来源: 时间:七月 2, 2014, 7:45 a.m.

http://www.nature.com/nature/journal/v510/n7506/full/nature13409.html


The polyketide synthase (PKS) mega-enzyme assembly line uses a modular architecture to synthesize diverse and bioactive natural products that often constitute the core structures or complete chemical entities for many clinically approved therapeutic agents1. The architecture of a full-length PKS module from the pikromycin pathway ofStreptomyces venezuelae creates a reaction chamber for the intramodule acyl carrier protein (ACP) domain that carries building blocks and intermediates between acyltransferase, ketosynthase and ketoreductase active sites (see accompanying paper2). Here we determine electron cryo-microscopy structures of a full-length pikromycin PKS module in three key biochemical states of its catalytic cycle. Each biochemical state was confirmed by bottom-up liquid chromatography/Fourier transform ion cyclotron resonance mass spectrometry. The ACP domain is differentially and precisely positioned after polyketide chain substrate loading on the active site of the ketosynthase, after extension to the β-keto intermediate, and after β-hydroxy product generation.
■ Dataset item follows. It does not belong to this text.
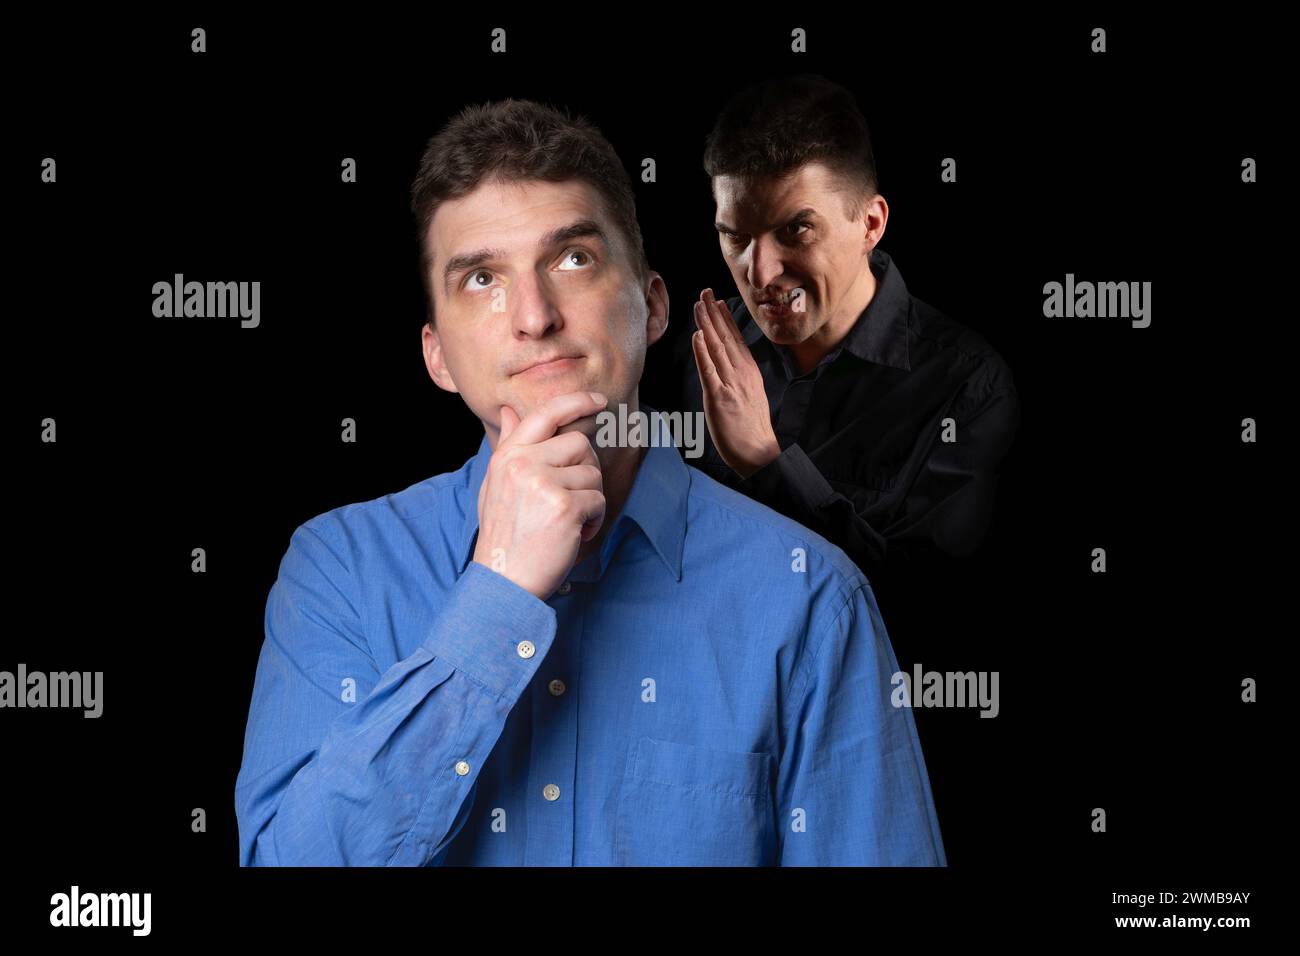 A friendly-looking young man to whom his evil inner voice is whispering something from the shadow behind Stock Photo

The structures reveal the ACP dynamics for sequential interactions with catalytic domains within the reaction chamber, and for transferring the elongated and processed polyketide substrate to the next module in the PKS pathway. During the enzymatic cycle the ketoreductase domain undergoes dramatic conformational rearrangements that enable optimal positioning for reductive processing of the ACP-bound polyketide chain elongation intermediate. These findings have crucial implications for the design of functional PKS modules, and for the engineering of pathways to generate pharmacologically relevant molecules.